Hebron / - The Israeli military has been slowly escalating its intimidation tactics in Beit Ommar over the last three days, often patrolling the streets at sundown, provoking youth by parking outside of the mosque and waiting for young boys to come and throw stones before shooting tear gas and rubber-coated steel bullets.
The increasing terrorization of the village culminated atapproximately 9:30 pm Friday when a 17 year old boy, Mohammed Anwar Al-Alami, was shot in the heart and killed.
Soldiers first entered the southern West Bank’s town at 4 pm and began slowly circling the village, often stopping in the center of town, shooting a few tear gas canisters, but otherwise staying in their jeeps. They were not searching houses nor made any other indication that they were engaging in any authorized operation. Shortly after sundown, at approximately 9 pm, they began arresting residents: blindfolding and handcuffing nine men in total and bringing them to the entrance of the village. Four were later released, five remain in Israeli custody. Several more jeeps and Armored Personnel Carriers (APC's) entered the village. Young boys began throwing stones and empty bottles which bounced off the armored military vehicles harmlessly. Still, for the Israeli military a rock against reinforced metal is reason enough to end the life of a young man, about to finish his final exams and graduate from high school.
Mohammed was quickly rushed to the hospital, but he had been shot in the chest and the bullet entered his heart, killing him almost instantly.
When international activists approached the soldiers one was thrown to the ground and his camera was stolen from him. Another observer with the Christian Peacemaker Teams, who was on crutches, was also knocked to the ground by the commander of the Israeli forces. The video tape and memory cards of the cameras of the CPT activists were all taken, erasing evidence of the assault on them presumably in an attempt to cover-up the egregiously excessive violence used by the Israeli army against young people.
On Saturday at 10:30 am international and Palestinian activists with CPT and Palestine Solidarity Project joined the community as they took the body from the hospital in Hebron and drove in the funeral procession back to Beit Ommar. The long line of cars with Palestinian and political faction flags hanging out the windows was soon accompanied by two Israeli military jeeps. Not given a moment to grieve, the Israeli military soon brought in reinforcements and gathered a mass of jeeps and soldiers near the cemetery.
After a visit to the murdered student's home and the mosque, the entire village, several thousand people, marched down the main road to the cemetery. The soldiers, not wanting to allow the participants to use the main entrance of the cemetery, ostensibly because of its proximity to their reinforced concrete watchtower that looms over the entrance to the village, parked two jeeps on the main road, cutting off the residents and forcing them to a side road leading to the back entrance to the cemetery. Community leaders, trying to prevent a confrontation with the soldiers, managed to persuade most of the procession on to the side road; approximately 50 or so, however, were insistent on their right to approach where their dead are laid to rest from the front entrance.
These men walked past the parked jeeps and gathered at the entrance to the cemetery as well as gathering on the roof of a house across the street from the watchtower. It was at that time that the same commander who oversaw the killing of the boy the night before got out of his jeep. The member of the Christian Peacemakers Team who had been pushed to the ground the night before approached the soldiers with a video camera, reminding the commander that the CPT member was now a witness to the funeral of the boy his unit had killed the night before and demanding that he, a Palestinian-American, and other Palestinians, be treated with the dignity they deserve. The soldiers soon began pushing the crowd back towards the cemetery and threw a sound grenade, effectively disrupting not only the crowd, but the family's moment to mourn the death of a young man.
Residents soon returned to their homes while young men, many of whom were fellow students of Mohammed’s, began to throw stones at the armored jeeps. The soldiers, rather than leaving the village which would have both eliminated the source of tension and allowed the community to mourn properly, instead decided they had not 'taught their lesson’ well enough and again invaded the village. This time, at least two were injured: one young boy was hit with a ricochet in the head, and another was light injured when his arm was grazed by a bullet.

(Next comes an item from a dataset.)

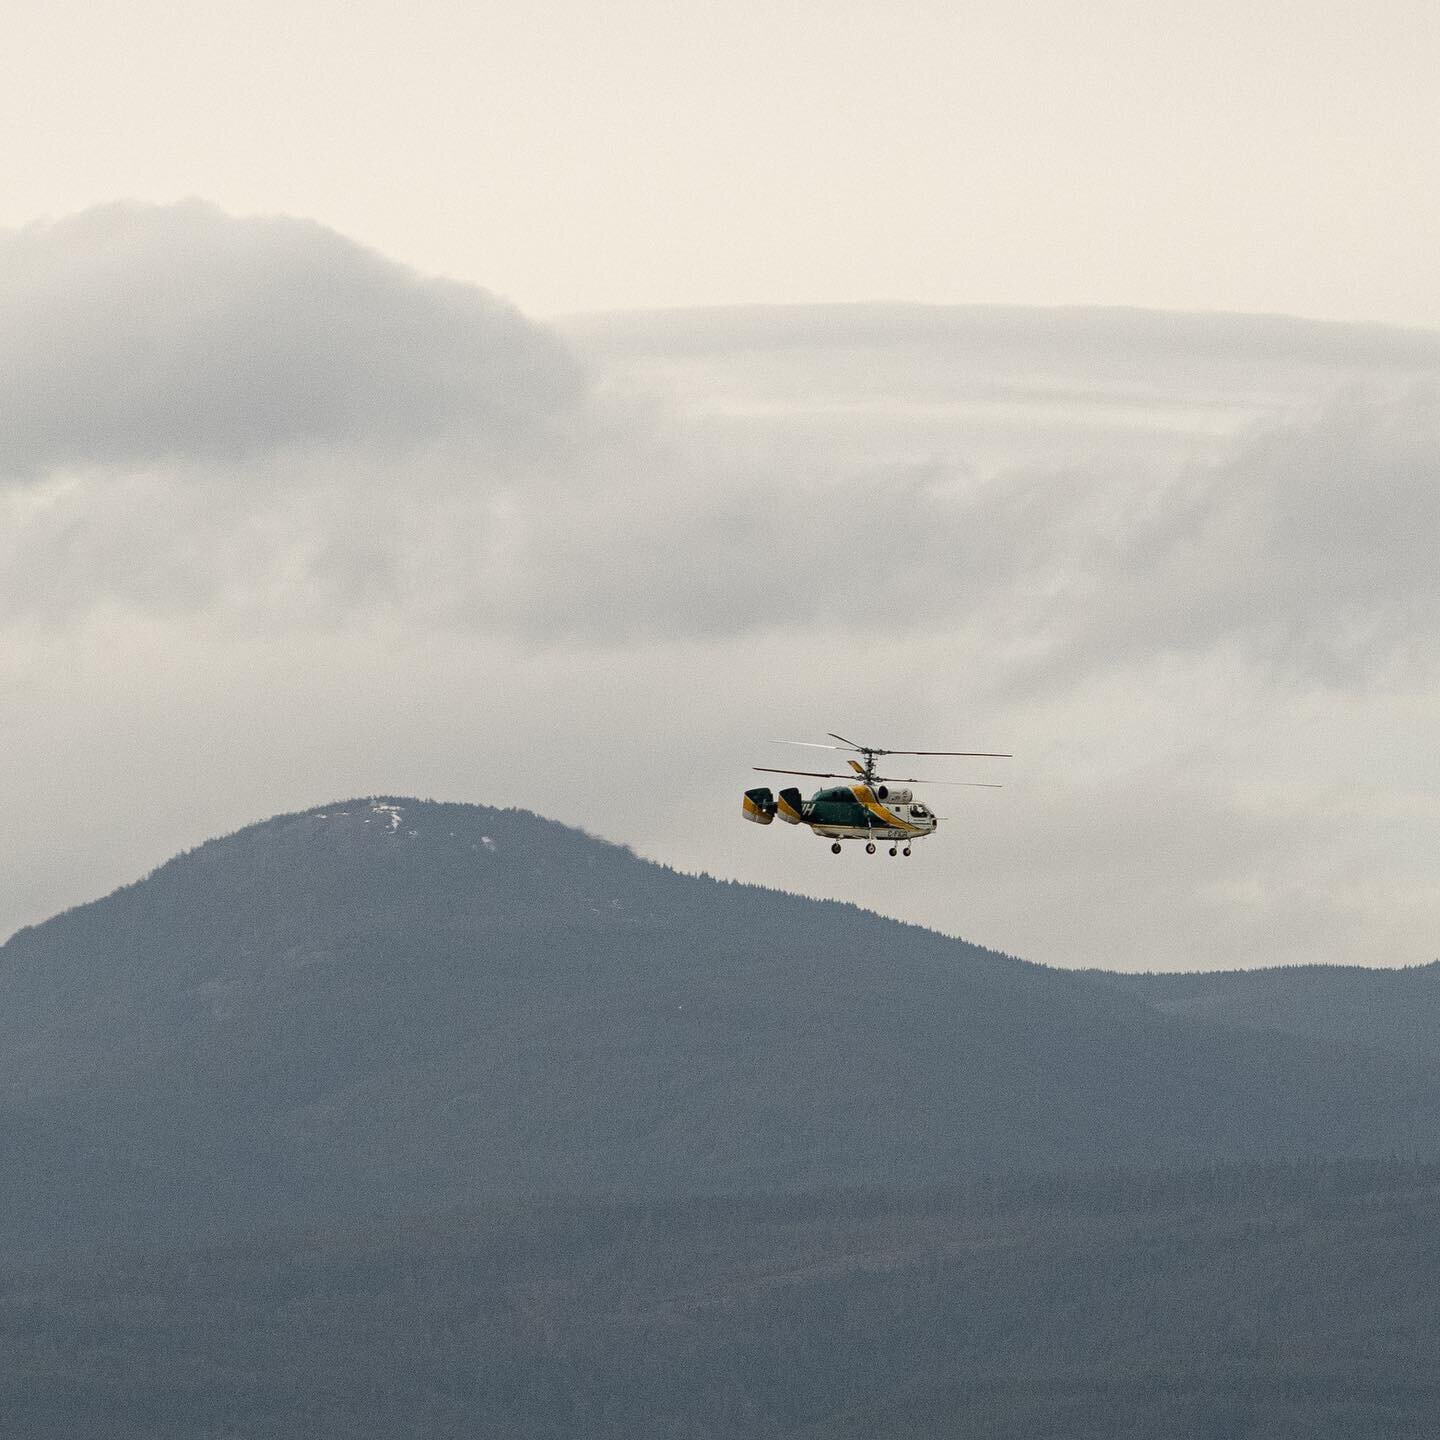 Russian made Kamov Ka-32 from VIH flying over the Sooke Hills #sooke #sookebc #helicopter #kamov #hellobc #vancouverisland #sookehills

Members of PSP and CPT again went out into the street to document. Although they were less than 50 meters away and clearly visible to the soldiers, they also had to soon take cover as live ammunition, rather than "crowd-dispersal weaponry" such as tear gas or rubber-coated steel bullets which are less lethal, went whizzing past their heads. And so it continued that lethal force, when less lethal means were well at their disposal (though some of the soldiers were outfitted with plastic-coated steel bullets which are against international law) was used against stone-throwing children and international activists. It is this low-level war—the murder of a child here and there, the unending expansion of Israeli settlements and theft of Palestinian land—that is ongoing in the West Bank; less obvious, perhaps, than the brutal attacks on Gaza, but no less devastating.